La vieja sacerdotisa se rió entre dientes.
-No es mi lugar, querida. Sé eso. Si te contara la visión que tengo para este mundo… bueno… podrías resistirte. Pero hasta ahora, has estado yendo bien.
-Eso no me hace sentir cálida y acogedora -dije-. Si estoy ayudándote a conseguir algo que quieres, obviamente estoy haciendo lo incorrecto.
La risa se convirtió en una carcajada.
-Podrías llamarlo lo incorrecto, pero terminará tan correcto al final. Lo verás. Y, si me das lo que quiero, no tendré que torturar a tu… Lucas.
Juraría que la vieja bruja estaba haciendo referencia a cuando había estado tartamudeando la relación de Lucas conmigo a Rochel.
-¿Cómo podrías saber estas cosas? -susurré.
-Porque estás ante mí -sonrió la vieja sacerdotisa sin dientes-. ¿Cómo no podría saberlo?
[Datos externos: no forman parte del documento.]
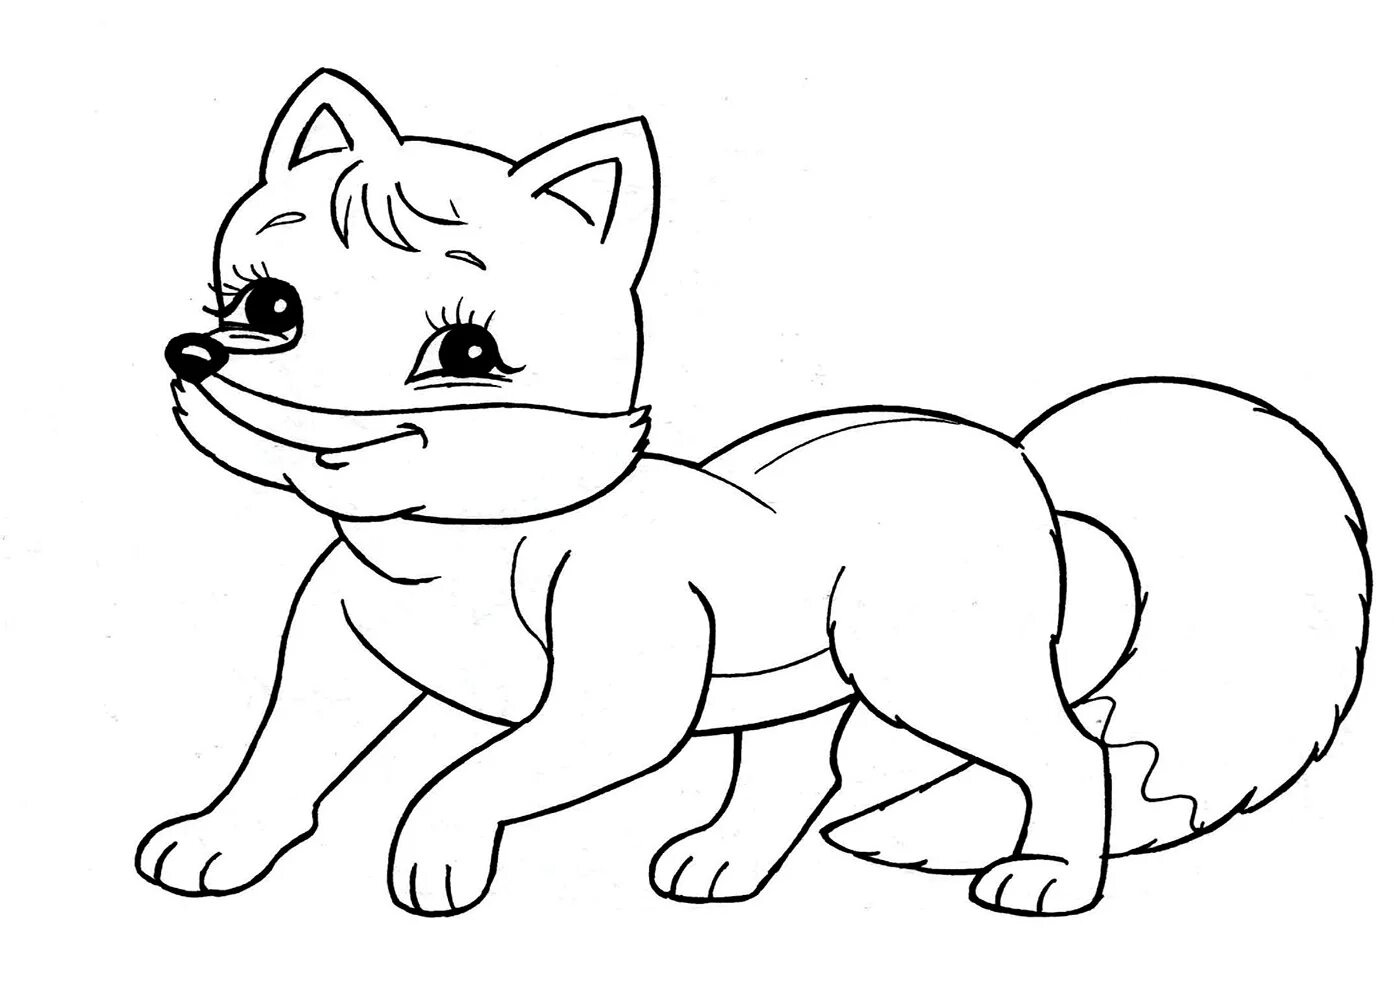 Naughty fox coloring book for 3-4 year olds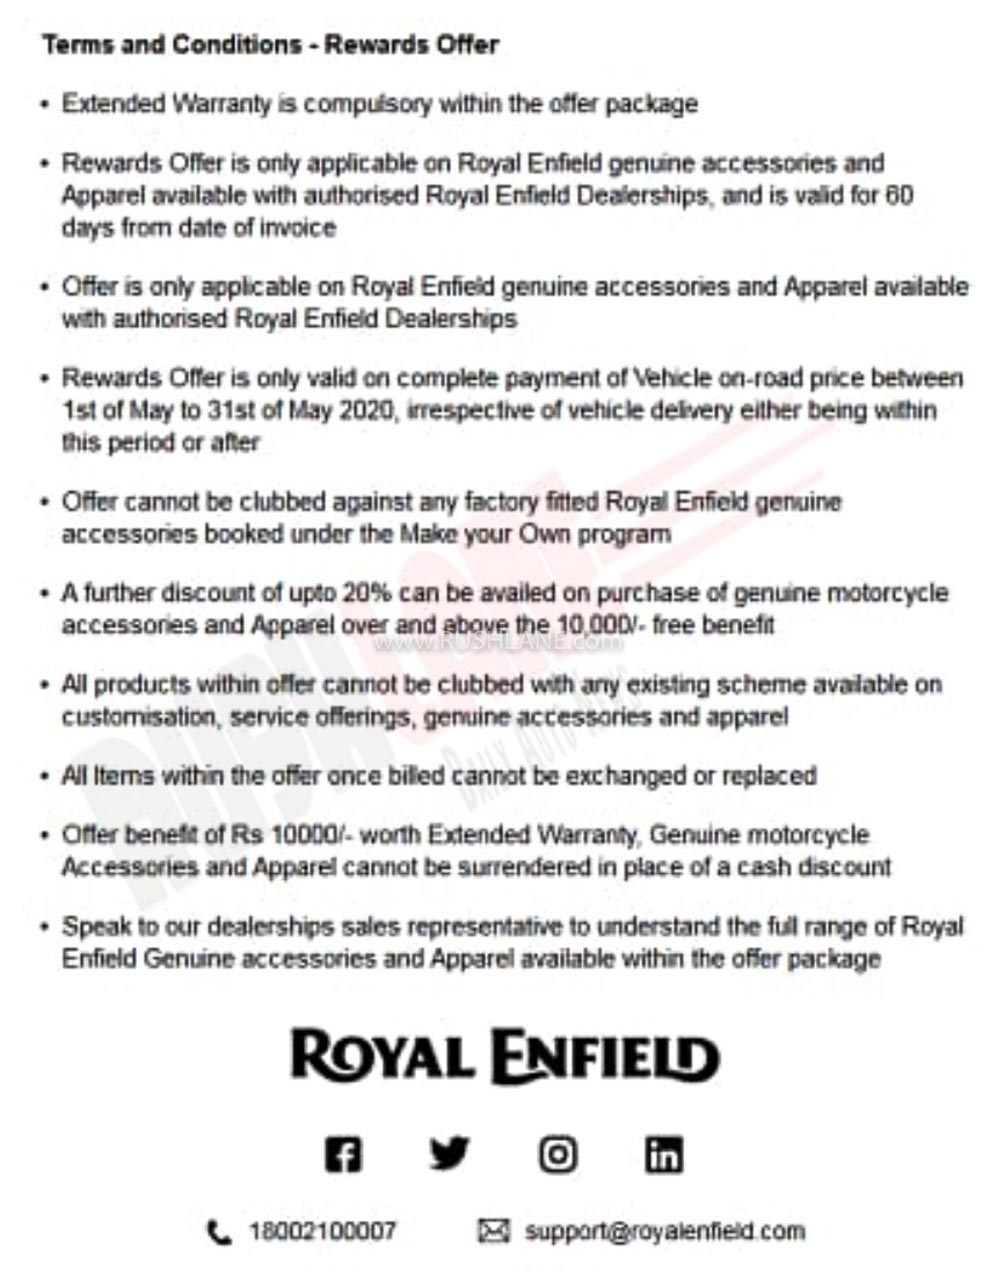 Royal Enfield Free accessories

“` Si lograba atravesar este “misión” mía sin daño, juraría a la Diosa que volvería a Rosalía para aprender algún tipo de autodefensa mágica, si es que existiera algo así para las bailarinas de sueños. No me gustaba que las brujas blancas o oscuras rebuscaran en mi cabeza. —Mira, si no vas a ayudarme, ¿podrías simplemente dejarme seguir mi camino? Dices que no me he desviado aún, así que… ¿déjame en paz? —Me gustas. Eres valiente —dijo la vieja sacerdotisa. Hizo un movimiento a su séquito y simplemente se desvanecieron en las sombras. Exhalé un profundo suspiro que no sabía que había estado conteniendo. —Dulces misericordias de la Reina Blanca —suspiré bajo mi aliento y retrocedí en dirección a Nostalgia. Esta vez, cuando doblé la esquina, como si por alguna magia blanca o negra, Lucas estaba allí. Suspiré de alivio y comencé a caminar hacia él, cuando noté que había una rubia despampanante frente a él con su mano en su pecho. Su mano estaba en el pecho de mi Lucas. Y ella estaba parada demasiado cerca de él. Y era demasiado bonita. Pude notar que se conocían, y me hizo sentir un revuelo en el estómago. Los ojos grises de Lucas se alzaron hacia los míos, y se alejó de la mujer, quitándole físicamente la mano de su pecho y apartándola. Me alegró eso, pero aún sospechaba de esta mujer extraña y su relación. Honestamente, era todo demasiado–brujas blancas, brujas oscuras, misiones… y ahora Lucas siendo acariciado por una hermosa mujer que no conocía. Di media vuelta y comencé a dirigirme hacia el campus. Ahora que la vieja sacerdotisa había accedido a retroceder, no había razón para no ir a casa. Ya fuera que mis cosas estuvieran allí o no, Amanda estaría, y al menos podría resolver este embrollo con ella. —¡Sasha! —llamó Lucas, pero lo ignoré. —Lucas, cariño… —la voz de la mujer flotó por el aire detrás de mí. Me sentí enferma. —¡Sasha! —dijo Lucas de nuevo, esta vez más cerca. Había dejado a la mujer atrás, eso lo pude notar sin darme la vuelta. Y no me daría la vuelta. No lo haría.